▶ _Recorded data_
===

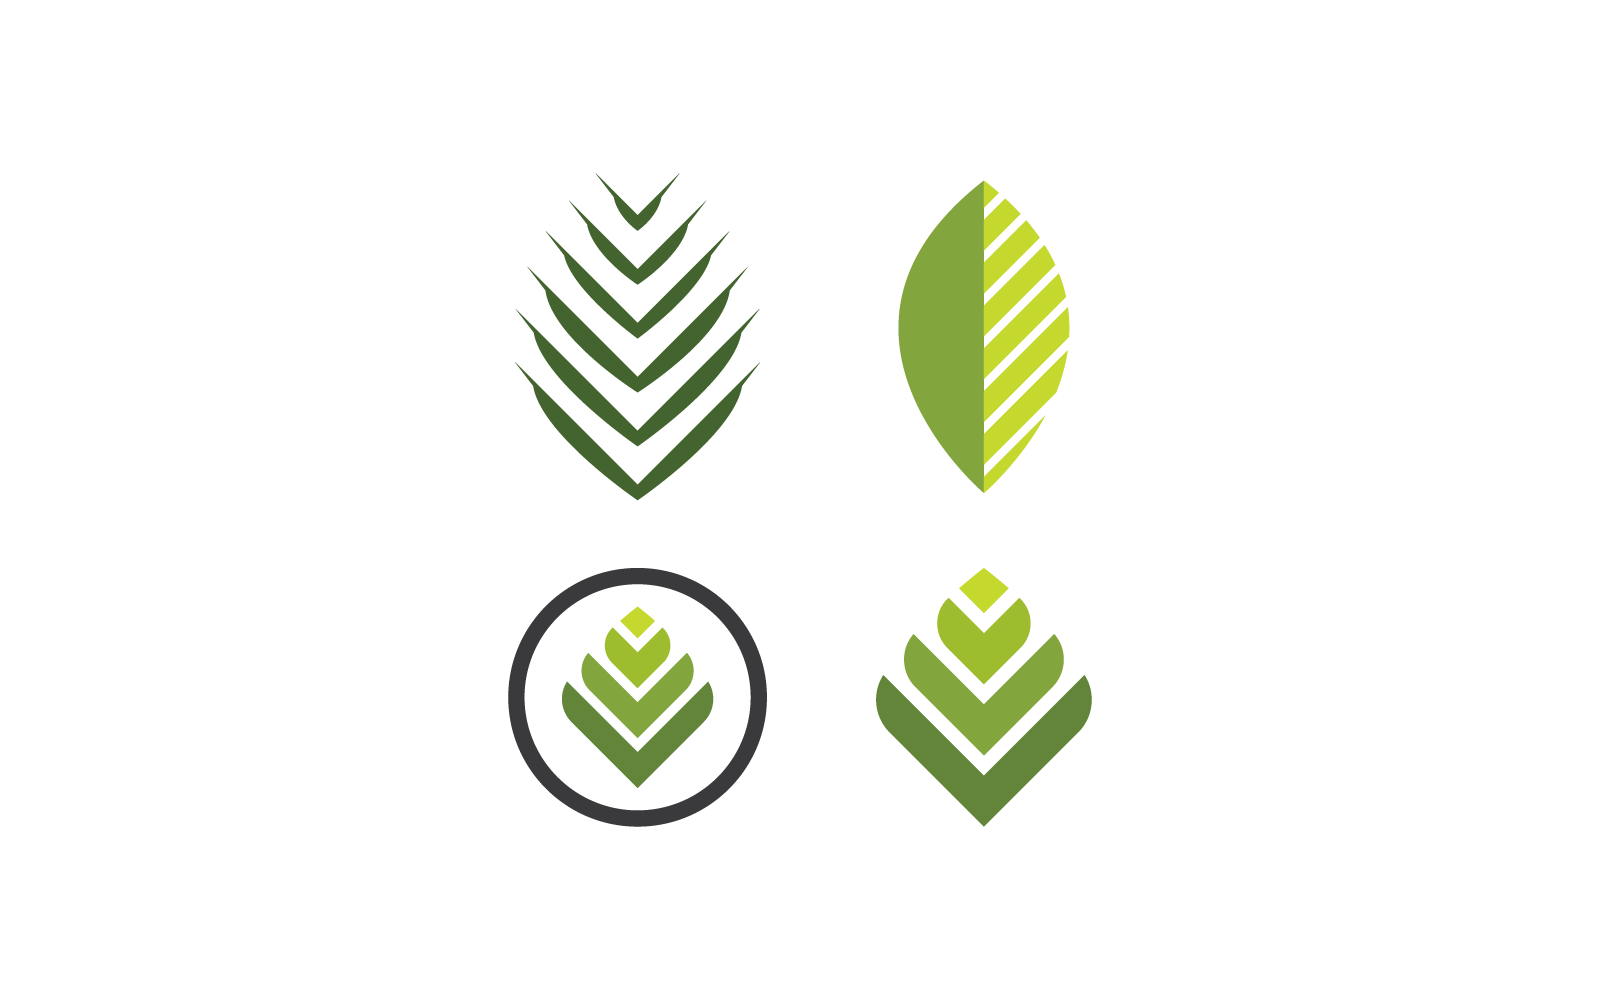 Palm tree leaf illustration logo vector design
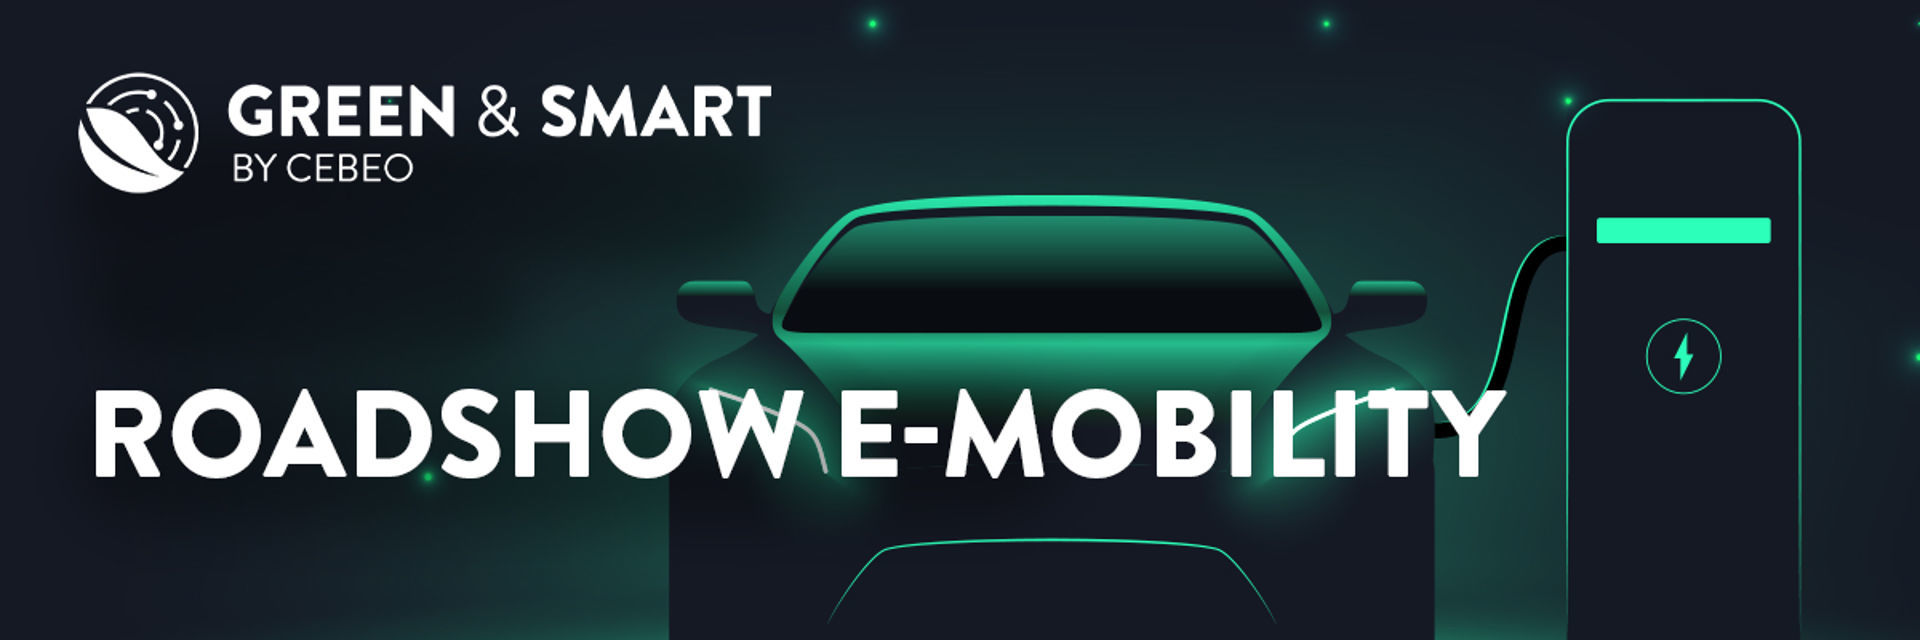 roadshows e-mobility
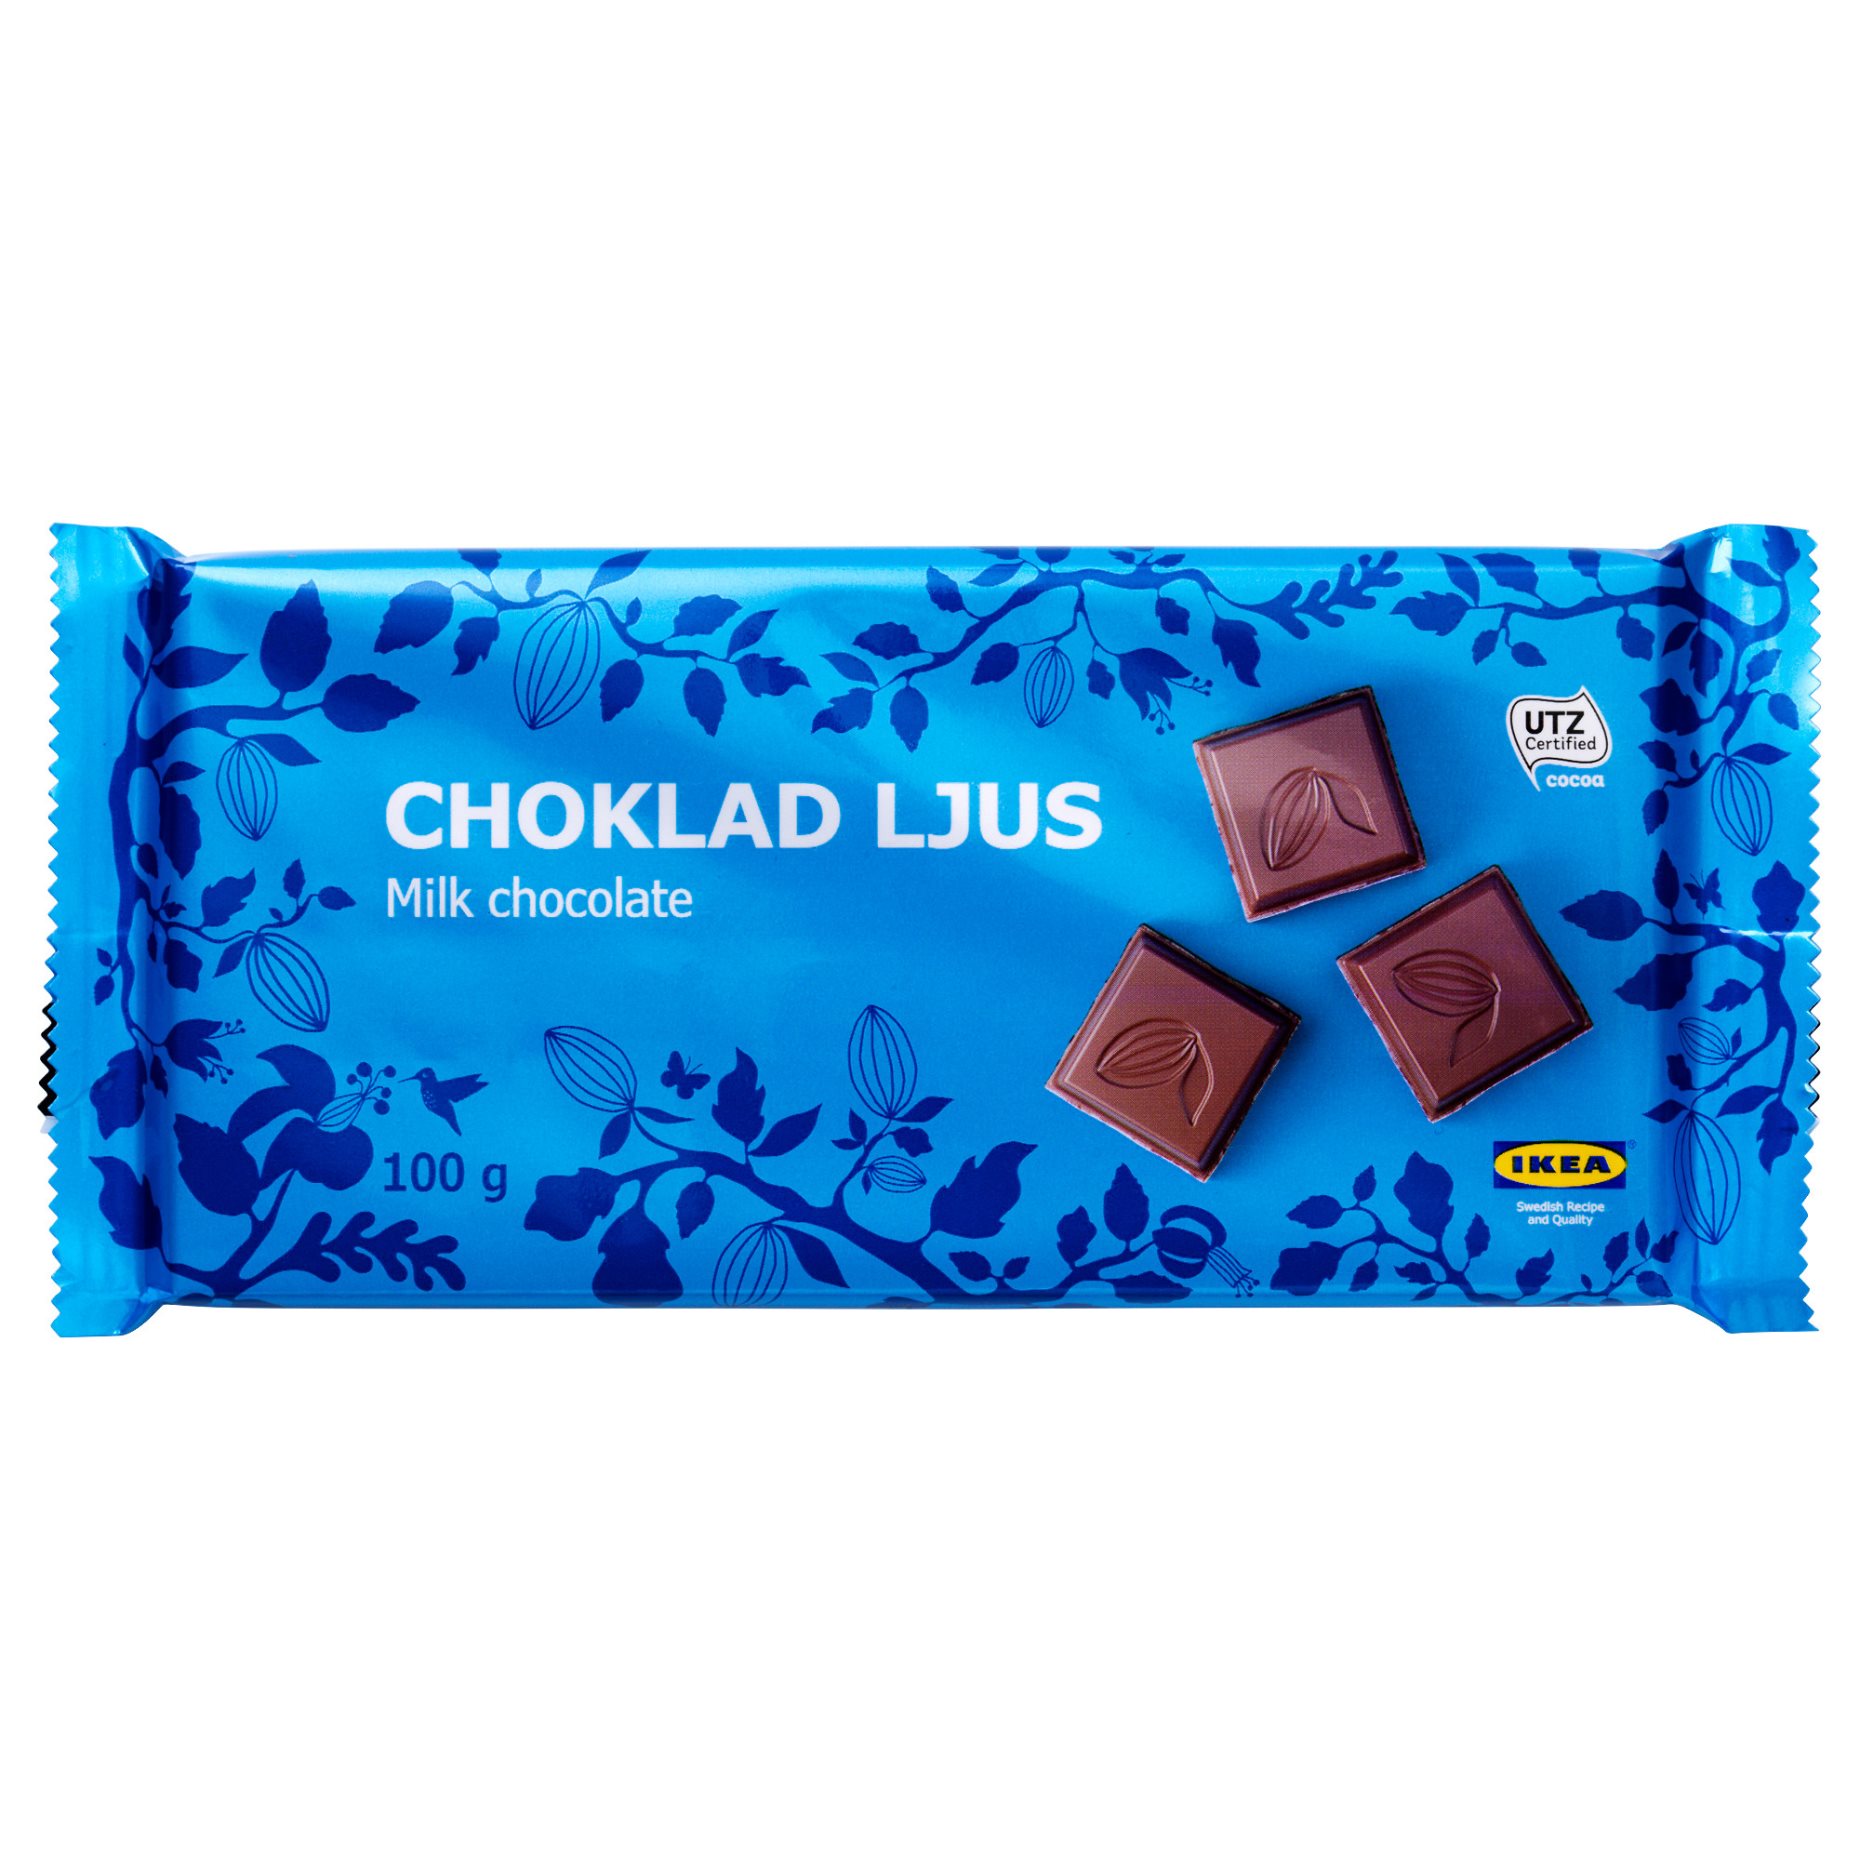 CHOKLAD LJUS, σοκολάτα γάλακτος UTZ, 100 g, 402.939.25

===

▶ _Task item_
Begin with the line that contains "roadshows e-mobility" and repeat every line through the end of the data, exactly and only those lines, leaving out the pictures.

▶ _Written solution_
 roadshows e-mobility
 CHOKLAD LJUS, σοκολάτα γάλακτος UTZ, 100 g, 402.939.25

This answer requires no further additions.